What is being asked → With pictures removed, the data below should be returned exactly.

Dataset section →
%%

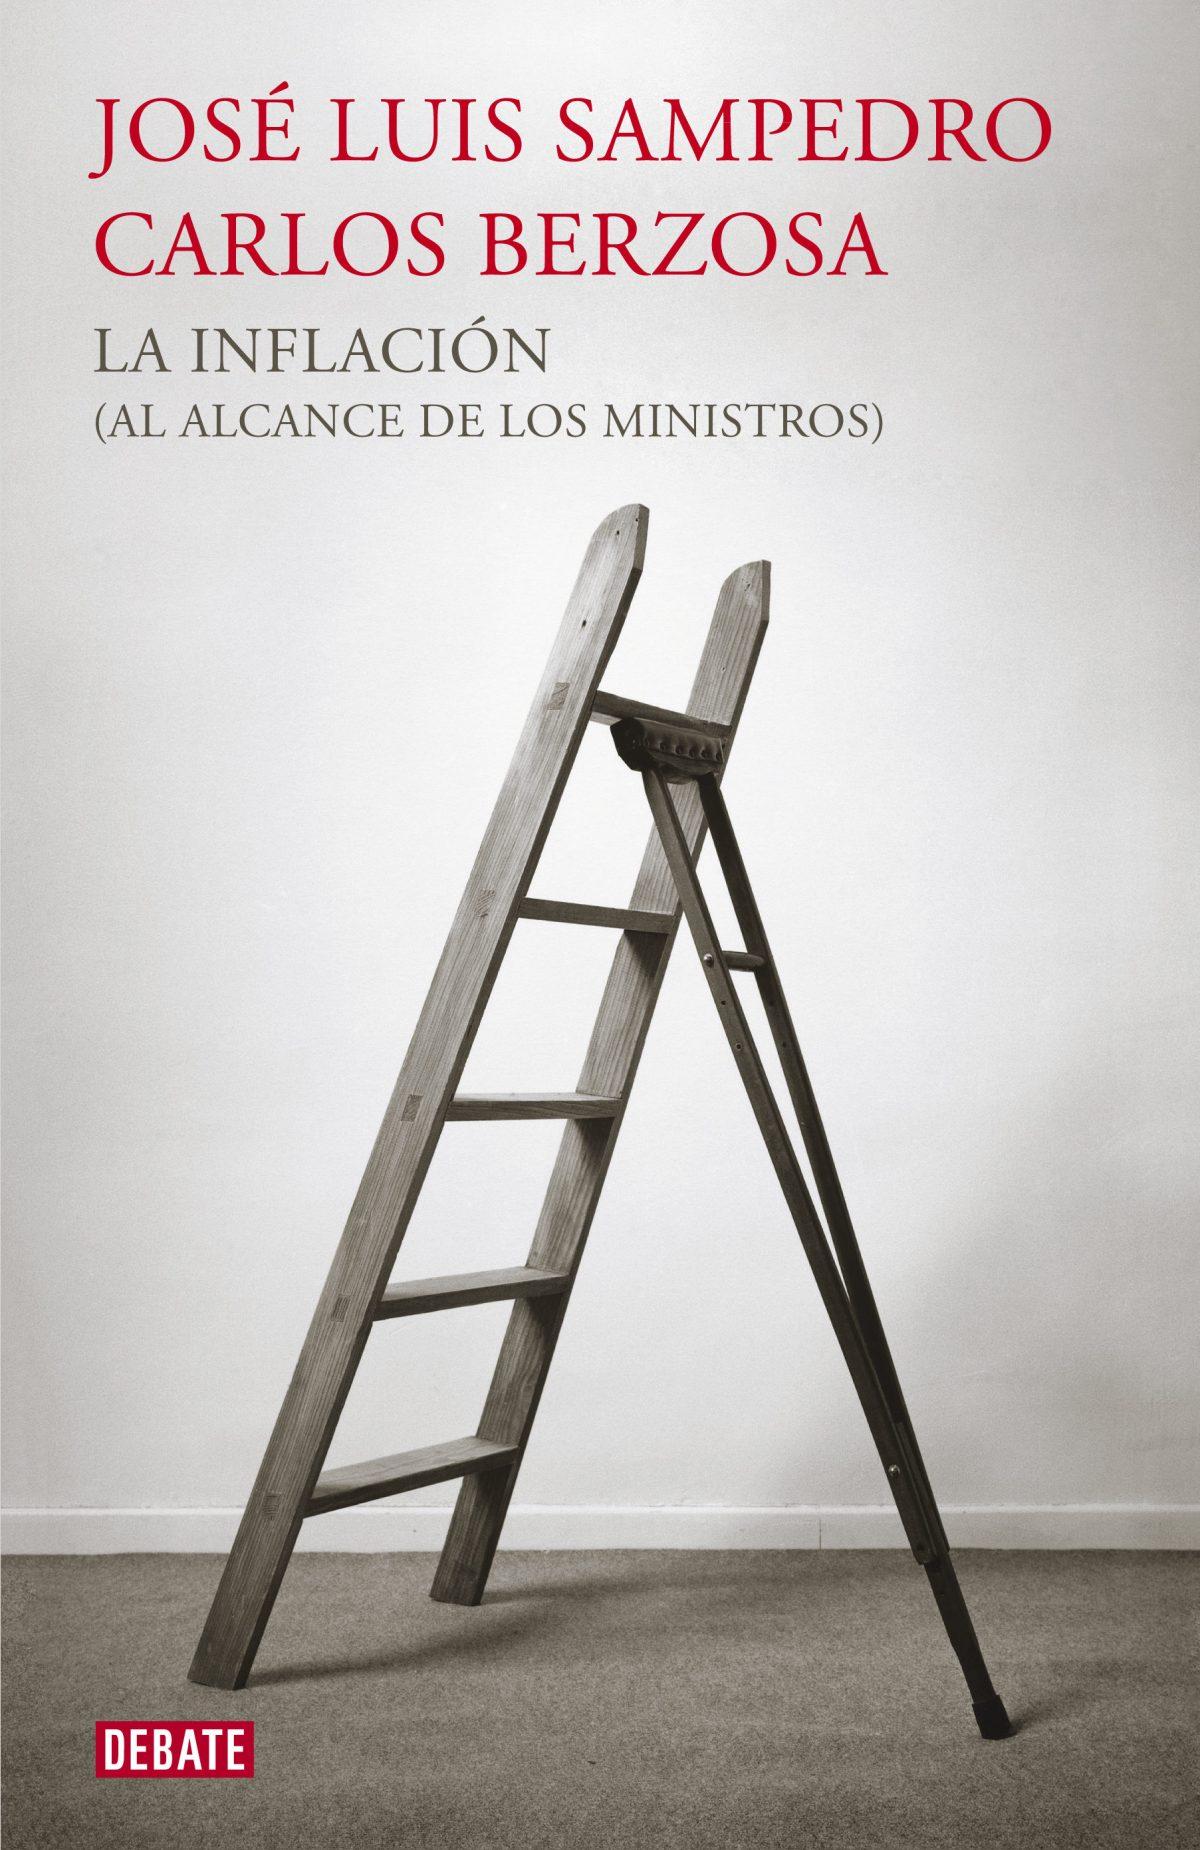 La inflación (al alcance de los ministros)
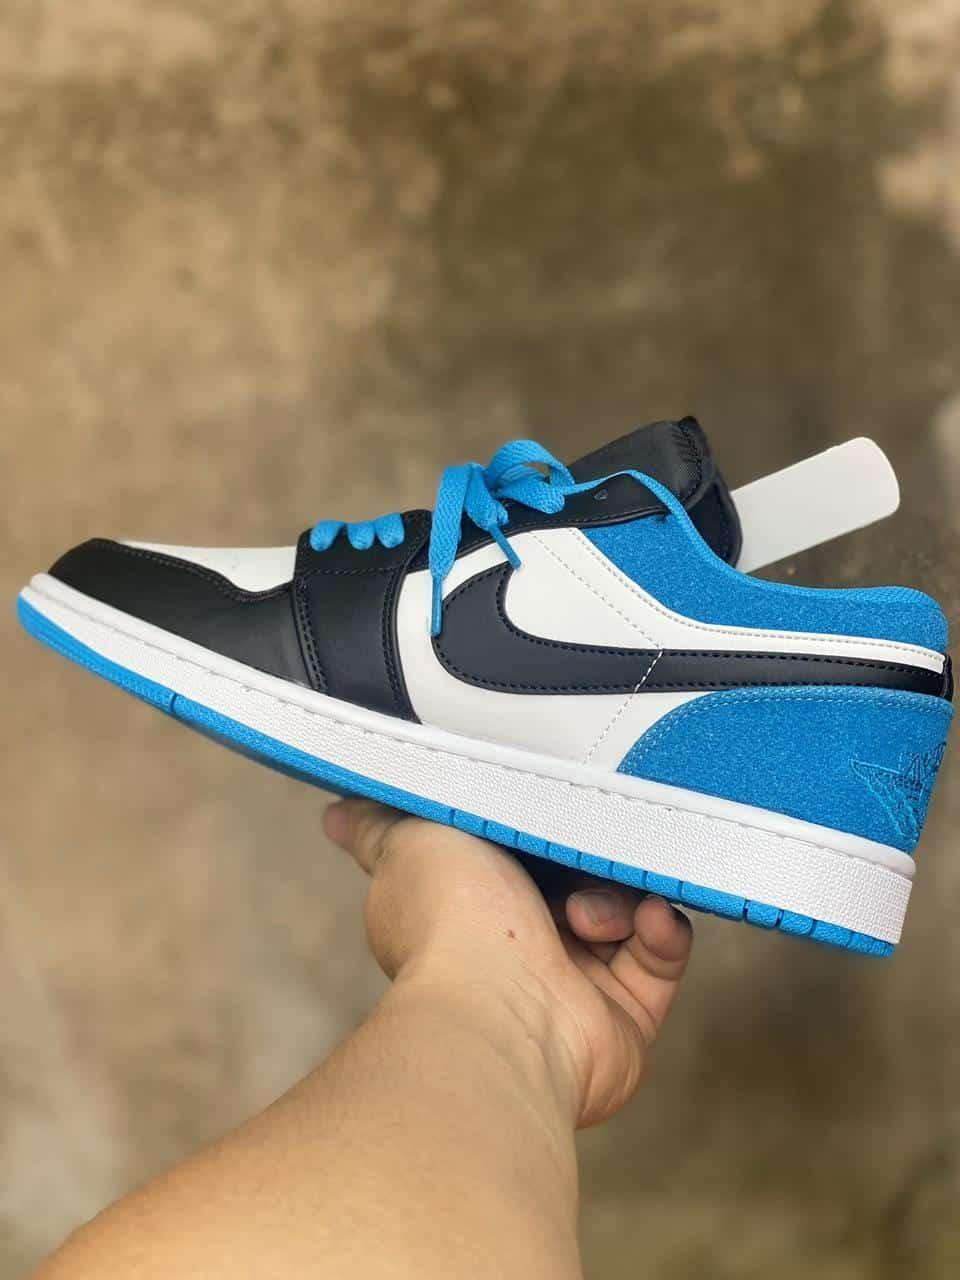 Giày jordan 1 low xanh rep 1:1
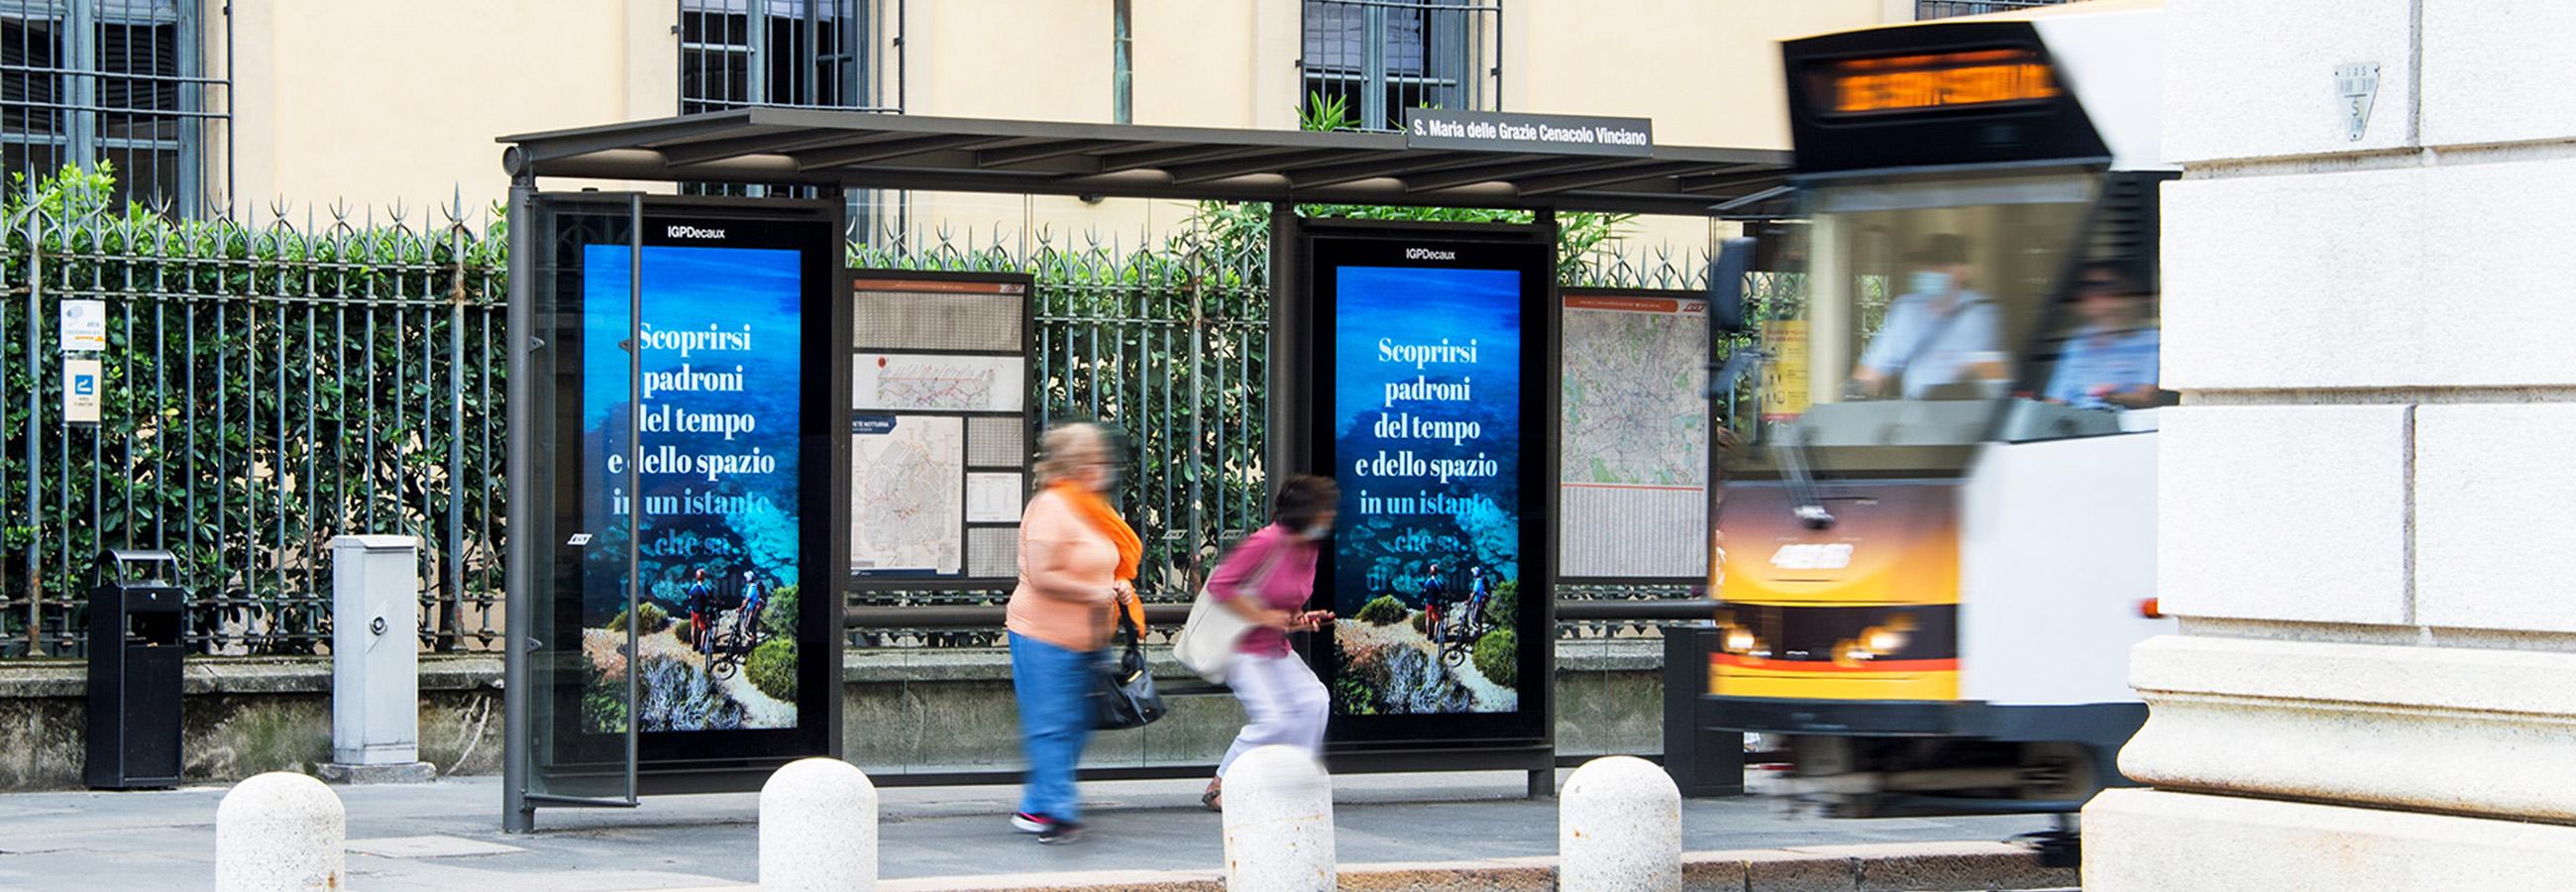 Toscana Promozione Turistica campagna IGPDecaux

%%

Finished task →
 La inflación (al alcance de los ministros)
 Giày jordan 1 low xanh rep 1:1
 Toscana Promozione Turistica campagna IGPDecaux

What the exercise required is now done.